── Data provided

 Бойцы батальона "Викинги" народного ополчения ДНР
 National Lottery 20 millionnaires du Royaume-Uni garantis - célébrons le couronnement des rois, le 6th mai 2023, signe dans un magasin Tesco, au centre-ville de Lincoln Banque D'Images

────
── Data provided

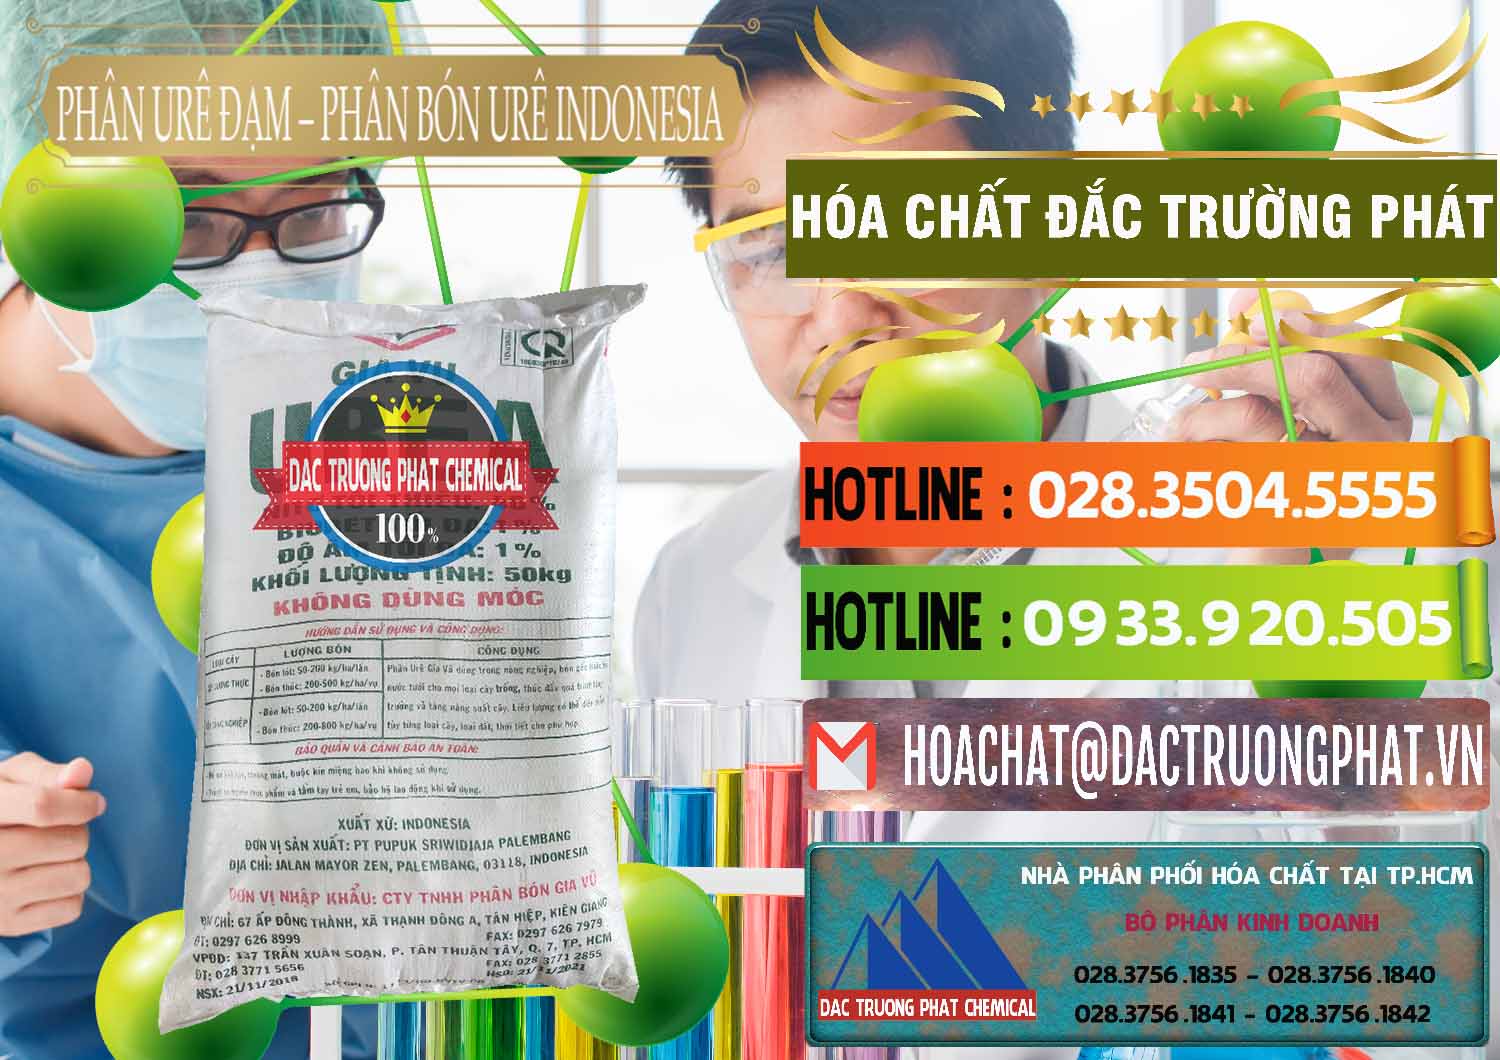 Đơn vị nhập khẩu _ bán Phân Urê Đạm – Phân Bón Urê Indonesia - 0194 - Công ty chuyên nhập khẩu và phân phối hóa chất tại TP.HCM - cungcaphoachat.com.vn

────
── Data provided

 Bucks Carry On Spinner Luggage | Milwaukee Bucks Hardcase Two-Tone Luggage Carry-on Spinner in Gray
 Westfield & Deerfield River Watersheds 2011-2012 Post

────

Your task: Above are the records; copy exactly the lines from the line with "народного ополчения ДНР" through the line with "National Lottery 20", both included.

Solution to the exercise:
 Бойцы батальона "Викинги" народного ополчения ДНР
 National Lottery 20 millionnaires du Royaume-Uni garantis - célébrons le couronnement des rois, le 6th mai 2023, signe dans un magasin Tesco, au centre-ville de Lincoln Banque D'Images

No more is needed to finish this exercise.